The first script reading took place on November 13, 2013 at SBS Ilsan Production Center. With a budget of , filming of the series began on December 26, 2013, and the broadcasting ended on May 1.

==Ratings==

| Episode # | Original broadcast date | Average audience share |  |  |  |
| TNmS Ratings |  | AGB Nielsen |  |
| Nationwide | Seoul National Capital Area | Nationwide | Seoul National Capital Area |
| 1 | March 5, 2014 | 12.8% | 16.4% | 11.9% | 12.5% |
| 2 | March 6, 2014 | 12.3% | 15.0% | 11.1% | 12.0% |
| 3 | March 12, 2014 | 12.5% | 14.8% | 11.7% | 12.9% |
| 4 | March 13, 2014 | 14.5% | 17.4% | 12.7% | 14.2% |
| 5 | March 19, 2014 | 13.0% | 15.0% | 12.2% | 14.0% |
| 6 | March 20, 2014 | 12.8% | 15.7% | 12.9% | 14.1% |
| 7 | March 26, 2014 | 12.4% | 14.9% | 11.3% | 12.5% |
| 8 | March 27, 2014 | 12.1% | 14.2% | 11.0% | 11.2% |
| 9 | April 2, 2014 | 11.3% | 13.9% | 10.4% | 11.1% |
| 10 | April 3, 2014 | 12.2% | 14.3% | 11.9% | 12.6% |
| 11 | April 9, 2014 | 12.0% | 14.5% | 11.3% | 12.6% |
| 12 | April 10, 2014 | 12.2% | 14.8% | 12.0% | 12.4% |
| 13 | April 23, 2014 | 10.5% | 11.8% | 11.1% | 12.4% |
| 14 | April 24, 2014 | 11.5% | 13.1% | 11.9% | 12.9% |
| 15 | April 30, 2014 | 10.9% | 12.6% | 12.3% | 13.9% |
| 16 | May 1, 2014 | 13.2% | 15.4% | 13.8% | 15.9% |
| Average |  | 12.3% | 14.6% | 11.8% | 13.0% |

== Awards and nominations ==

| Year | Award | Category | Recipient | Result |
| 2014 | 3rd APAN Star Awards | Excellence Award, Actor in a Miniseries | Park Yoo-chun | Nominated |
| SBS Drama Awards | Top Excellence Award, Actor in a Miniseries | Park Yoo-chun | Won |
| Top Excellence Award, Actress in a Miniseries | Park Ha-sun | Nominated |
| Excellence Award, Actor in a Miniseries | Son Hyun-joo | Nominated |
| Excellence Award, Actress in a Miniseries | So Yi-hyun | Won |
| Special Award, Actor in a Miniseries | Jang Hyun-sung | Nominated |
| Top 10 Stars | Park Yoo-chun | Won |
| Netizen Popularity Award | Park Yoo-chun | Nominated |
| Best Couple Award | Park Yoo-chun and Park Ha-sun | Nominated |

== International broadcast ==
It aired in Malaysia on ONE TV ASIA via Astro Channel 393 with English, Chinese and Malay subtitles and later on Astro Shuang Xing via Channel 324 and Channel 307 (HD) starting April 12, 2015 at 7.00 PM.

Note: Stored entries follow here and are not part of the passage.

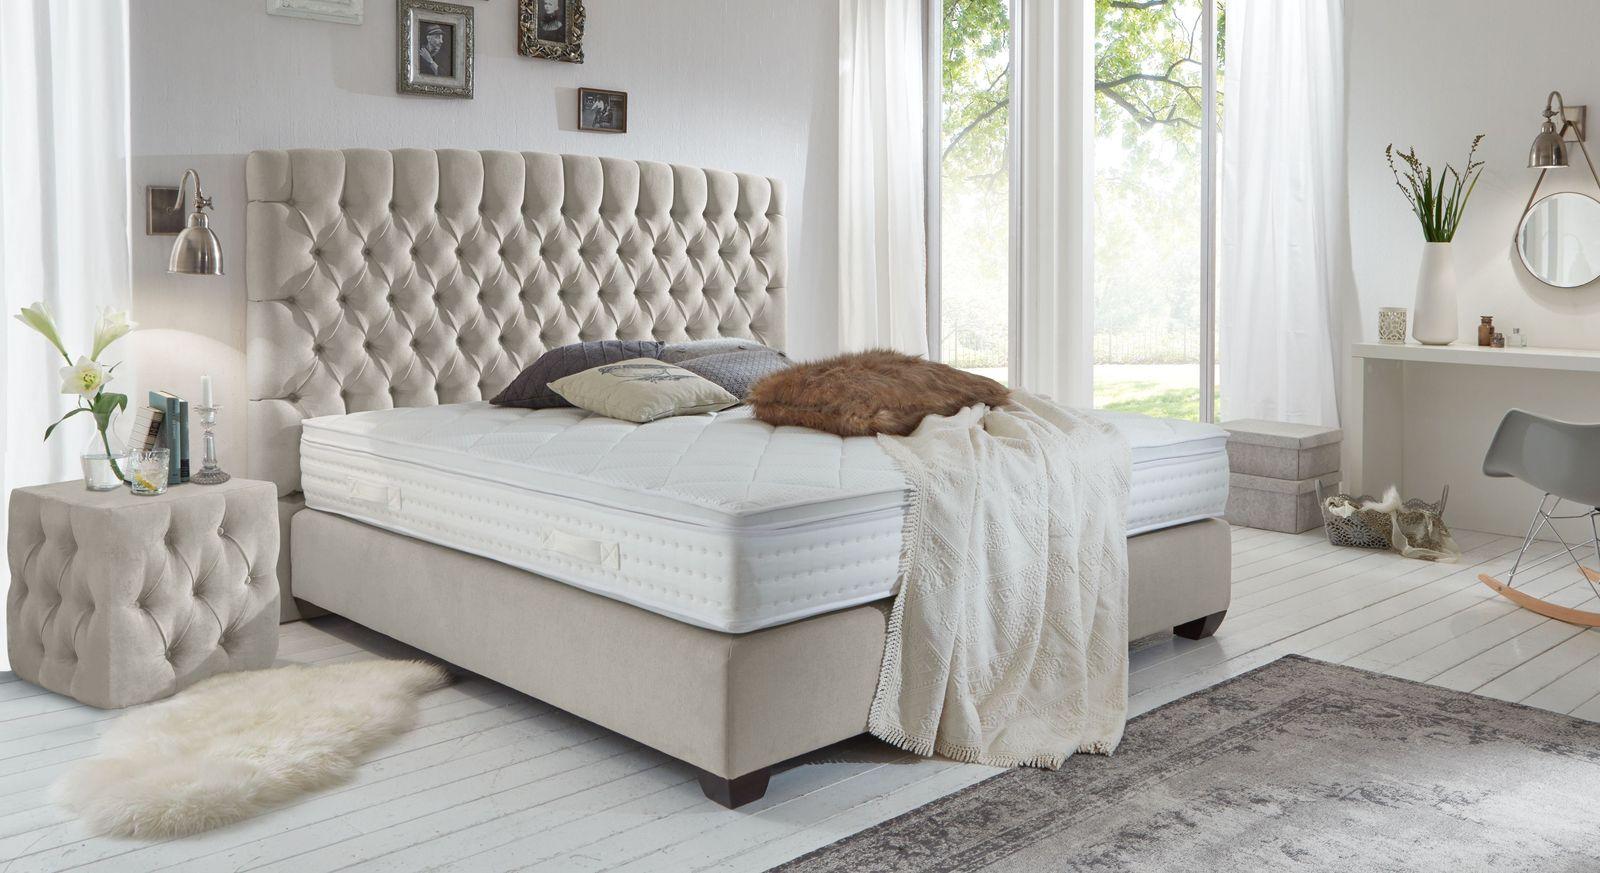 royales boxspringbett im englischen chesterfield design palmdale. Black Bedroom Furniture Sets. Home Design Ideas
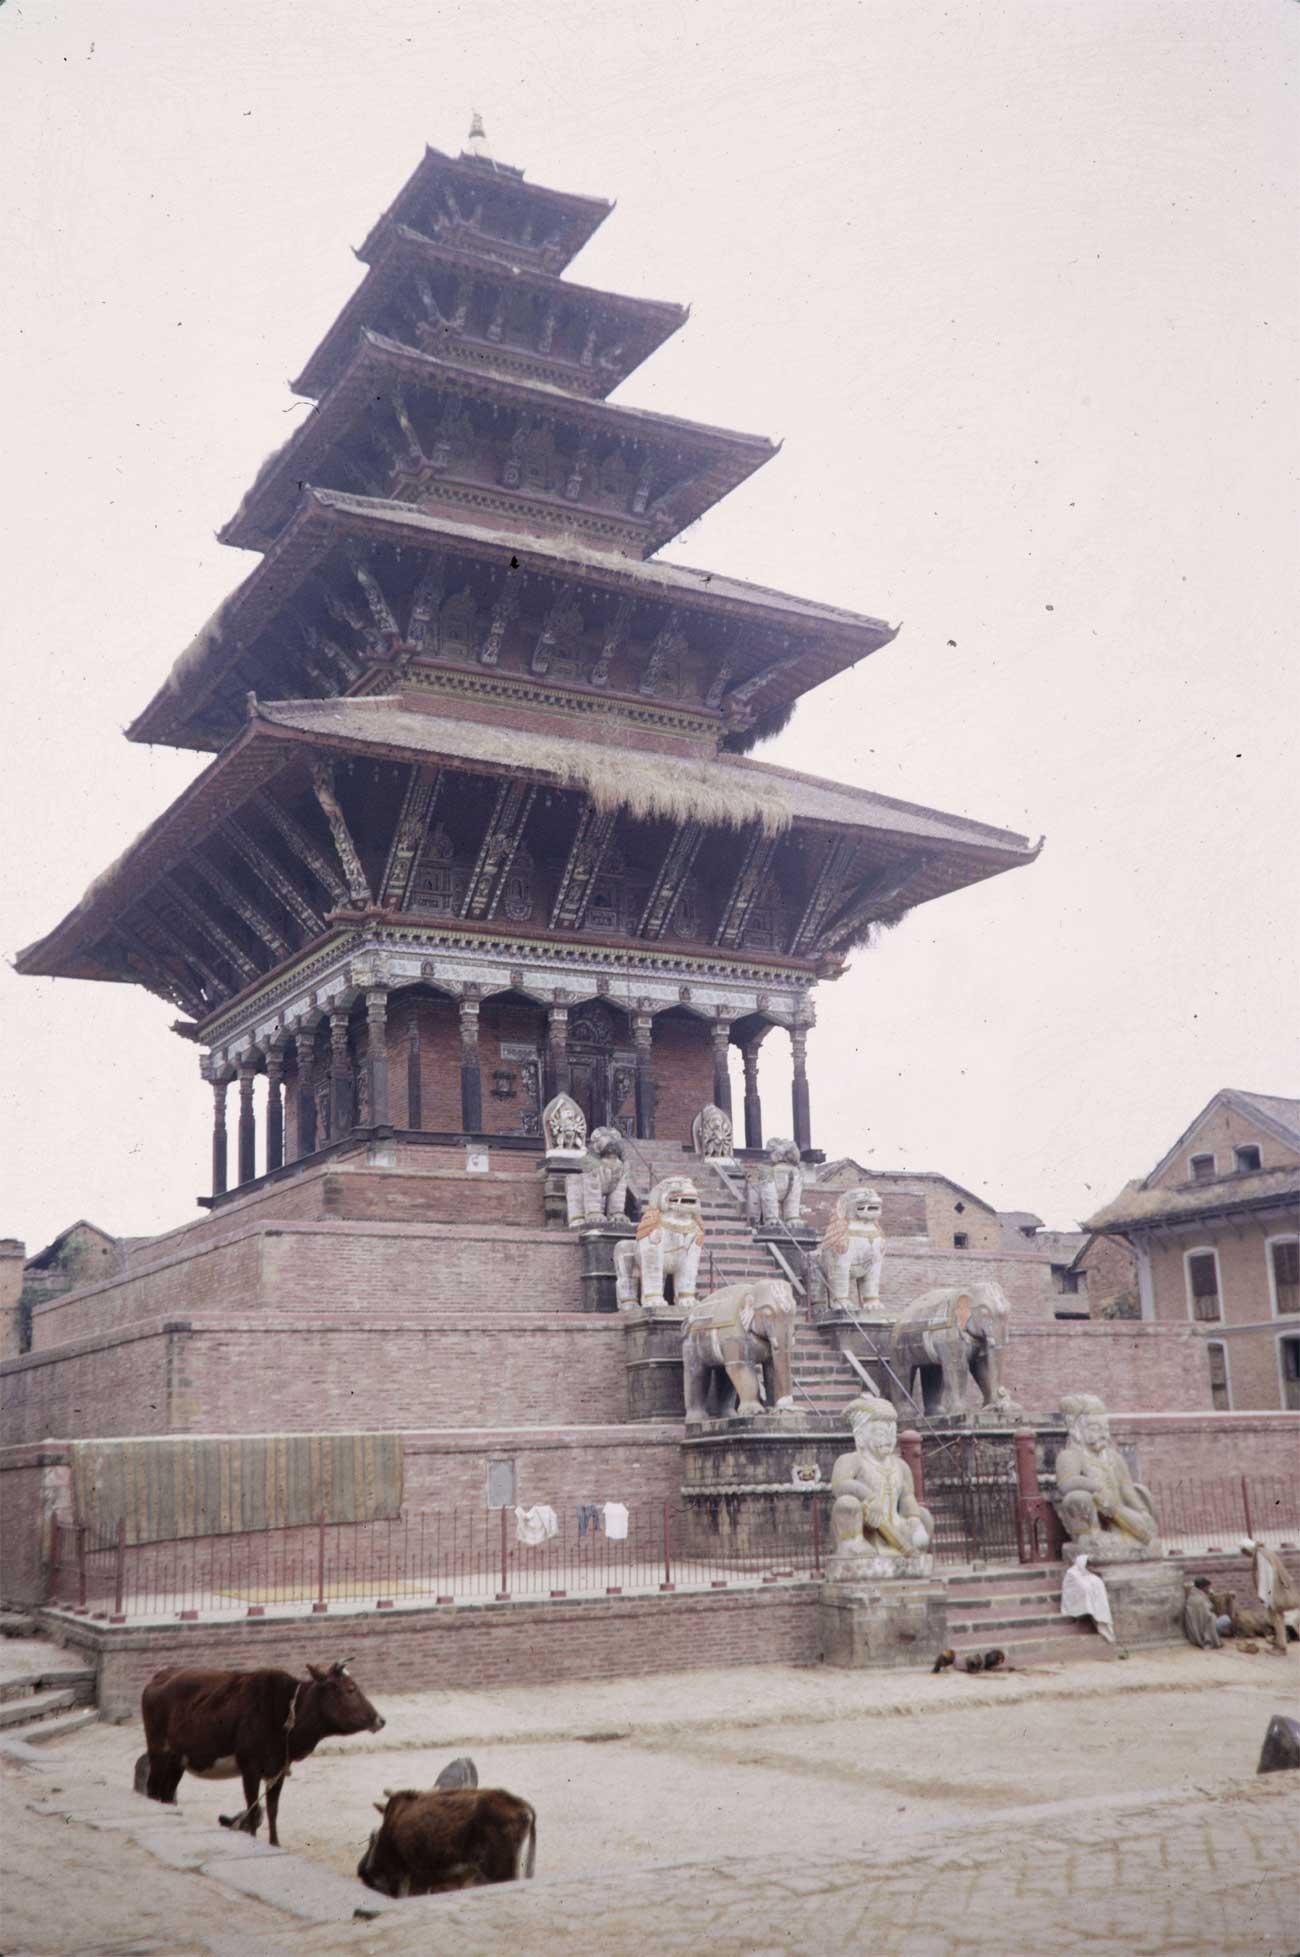 Nyatapola Temple in Bhaktapur Nepal (1960s) image
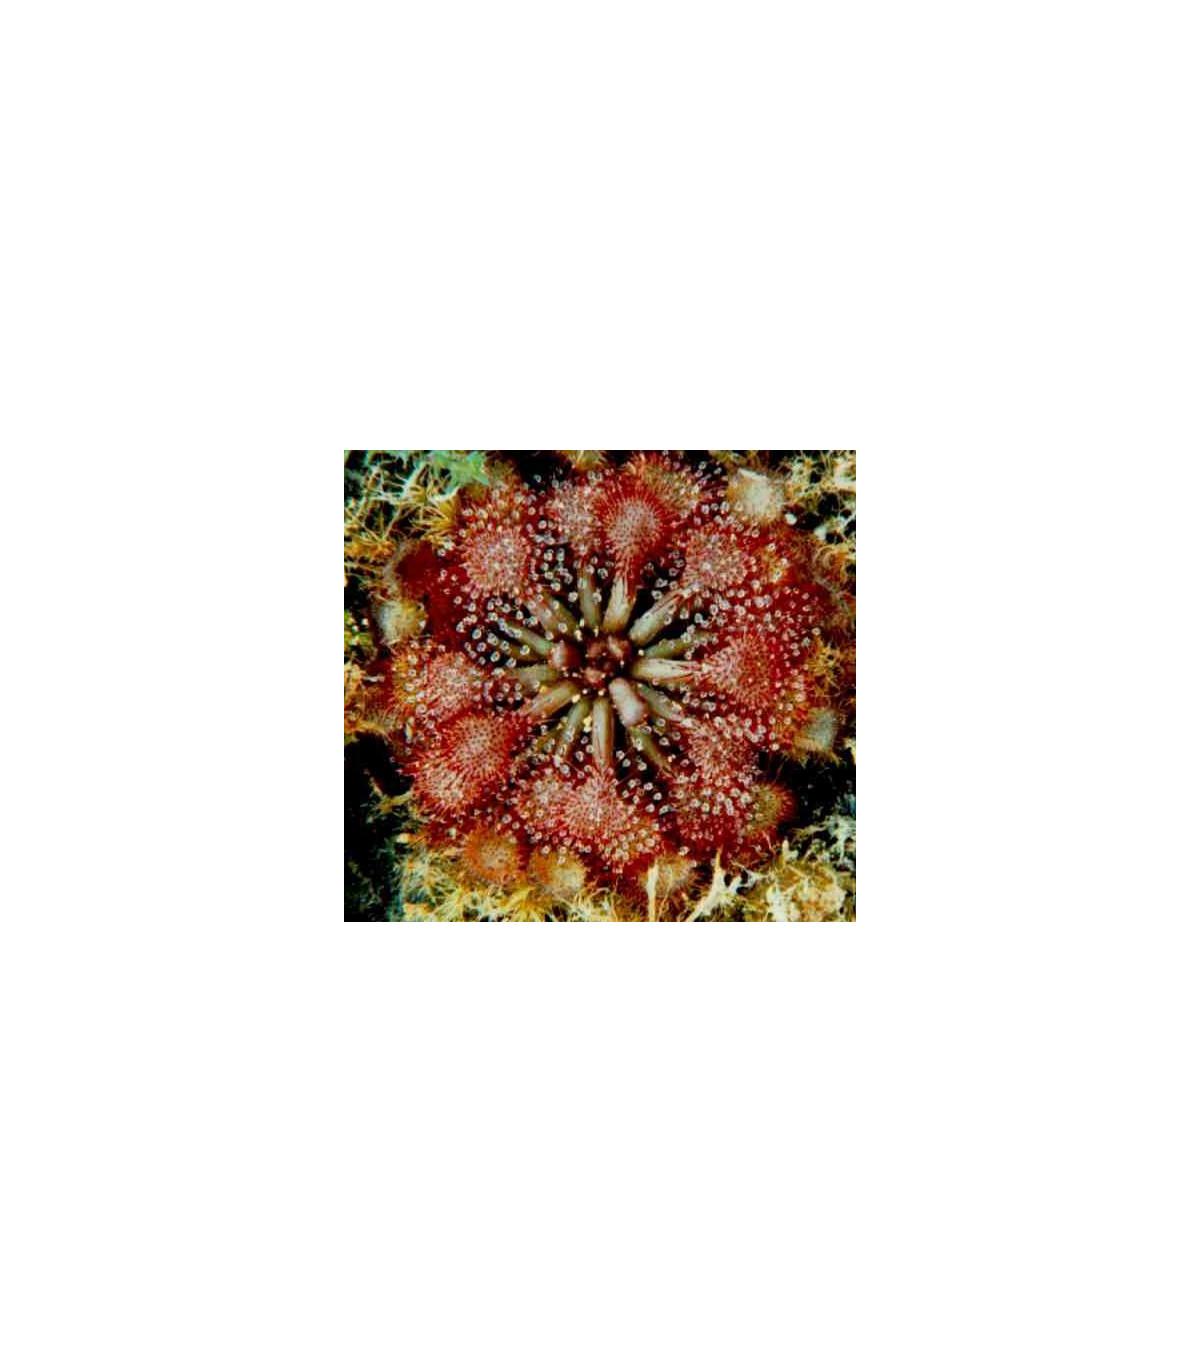 Drosera burkeana - semena rosnatky - 15 ks

It aired in Indonesia and Singapore on ONE TV ASIA.

In China, the rights to stream the drama online were sold for per episode.

It aired in Japan on cable channel KNTV on Saturdays at 8:00 p.m. beginning August 9, 2014.

It aired in Thailand on PPTV HD on Mondays & Tuesdays at 9:30 p.m. from June 22 to August 18, 2015.